▶ **Exercise requirements**: From the first line to the last, set down the material exactly and drop every picture.

▶ **Recorded data**:
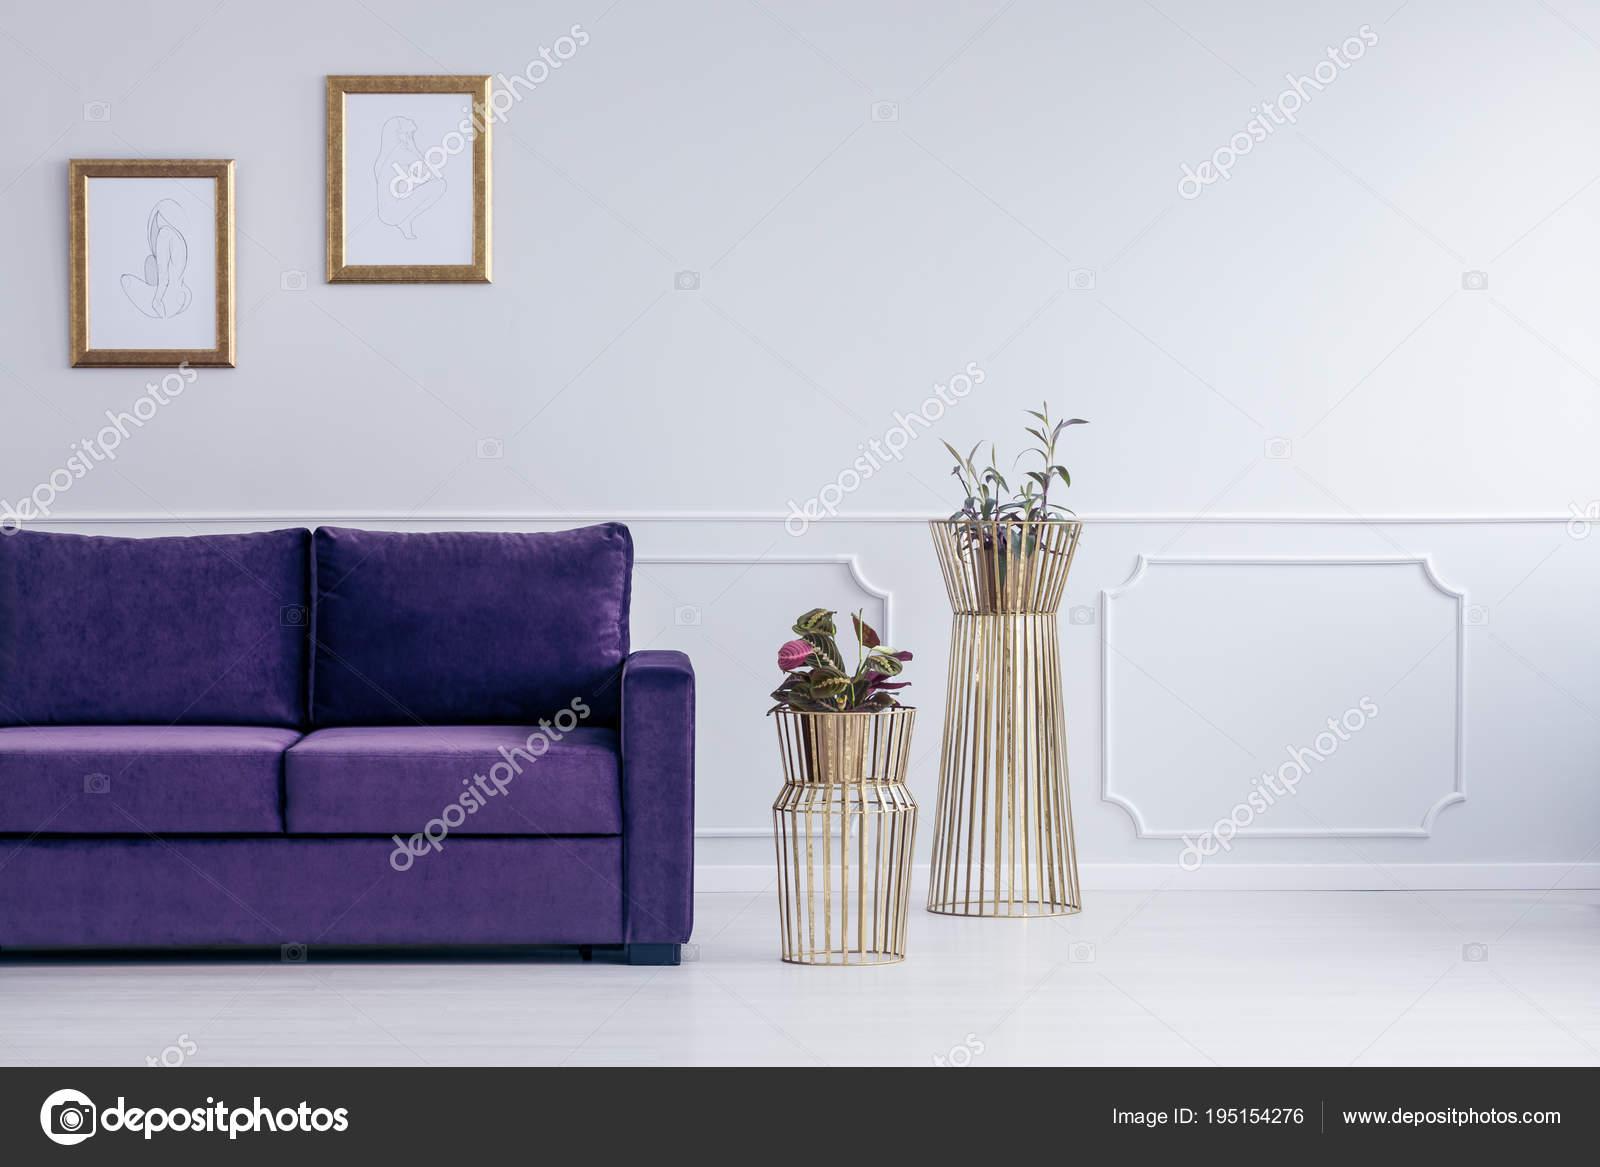 Pflanzen Neben Lila Sofa Gegen Graue Wand Mit Zeichnungen In Gold Frames Im  Wohnzimmer Interieur U2014 Foto Von Photographee.eu
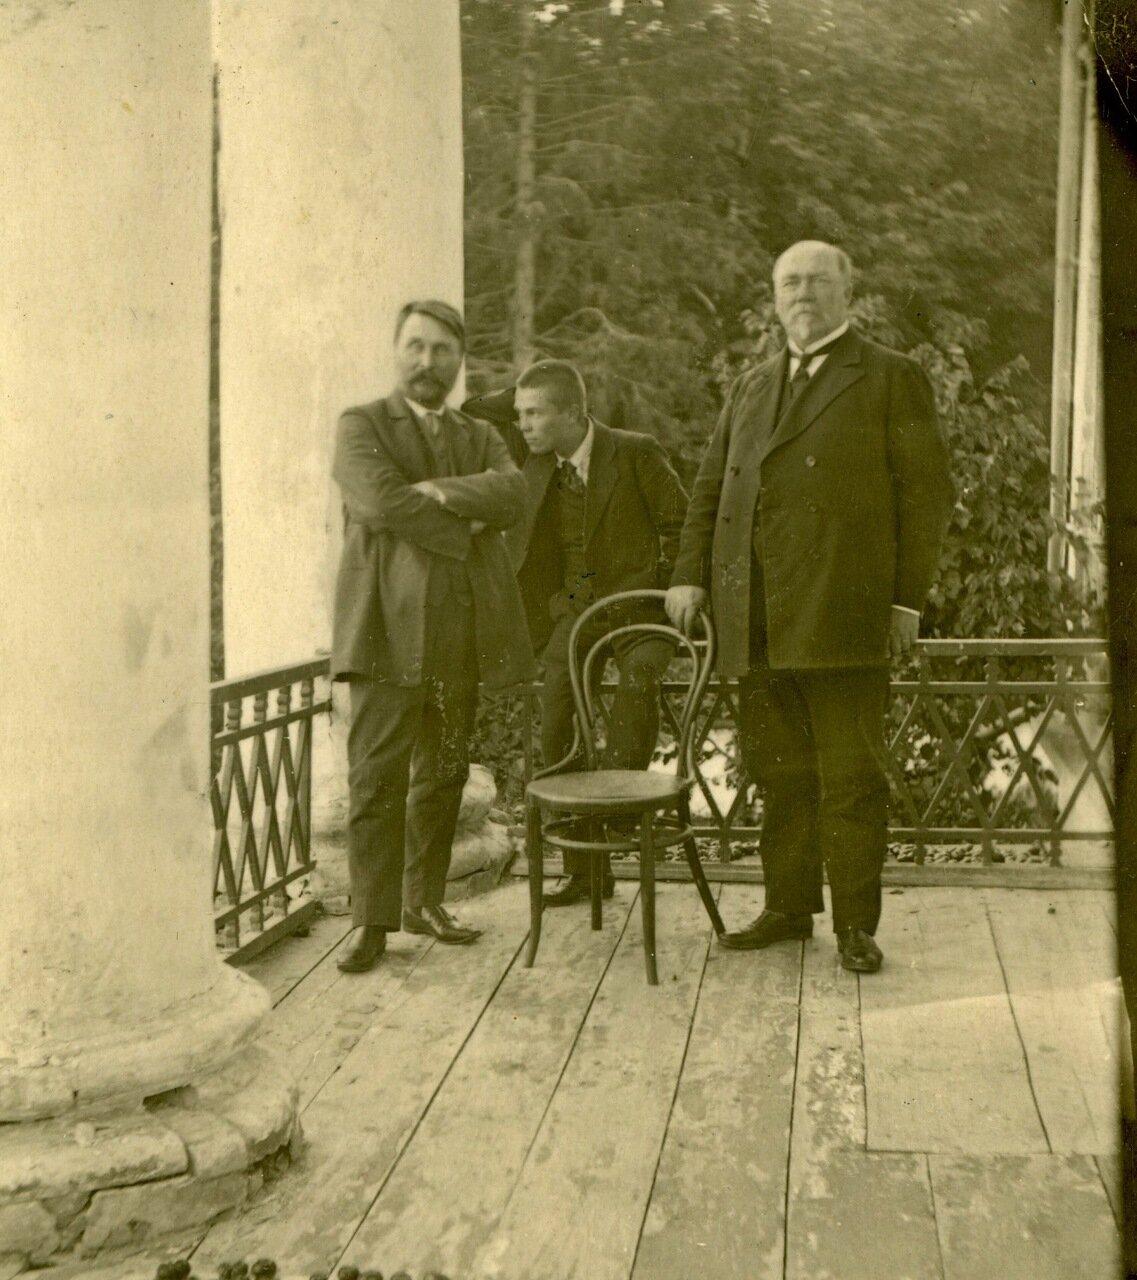 Заводчик Сергей Сергеевич Баранов (слева) с сыном Александром и Никитой Гавриловичем Барановым (справа) на веранде
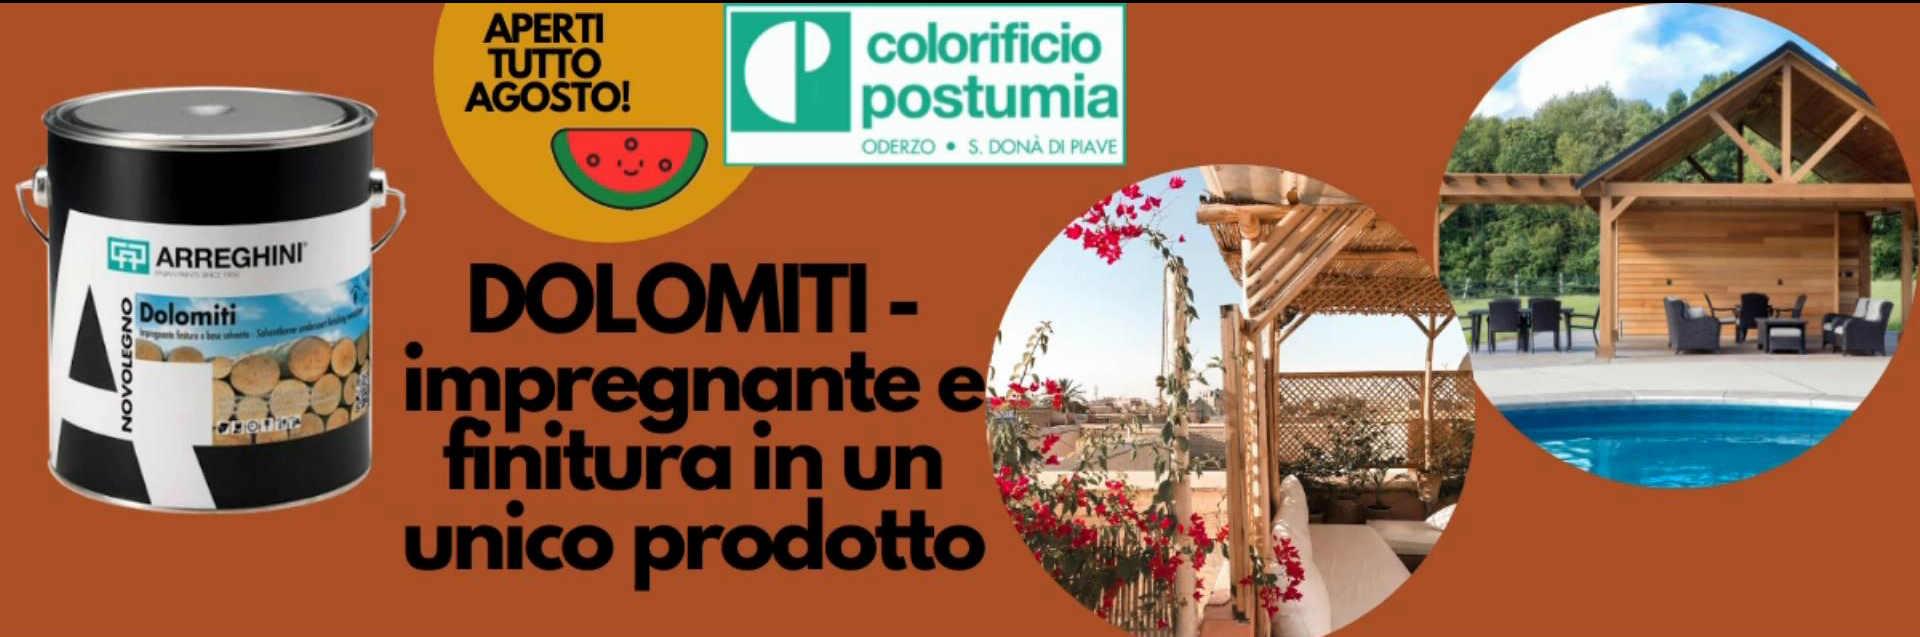 Colorificio Postumia - Dolomiti Impregnante e finitura in un unico prodotto

▶ **Task solution**:
 Pflanzen Neben Lila Sofa Gegen Graue Wand Mit Zeichnungen In Gold Frames Im  Wohnzimmer Interieur U2014 Foto Von Photographee.eu
 Заводчик Сергей Сергеевич Баранов (слева) с сыном Александром и Никитой Гавриловичем Барановым (справа) на веранде
 Colorificio Postumia - Dolomiti Impregnante e finitura in un unico prodotto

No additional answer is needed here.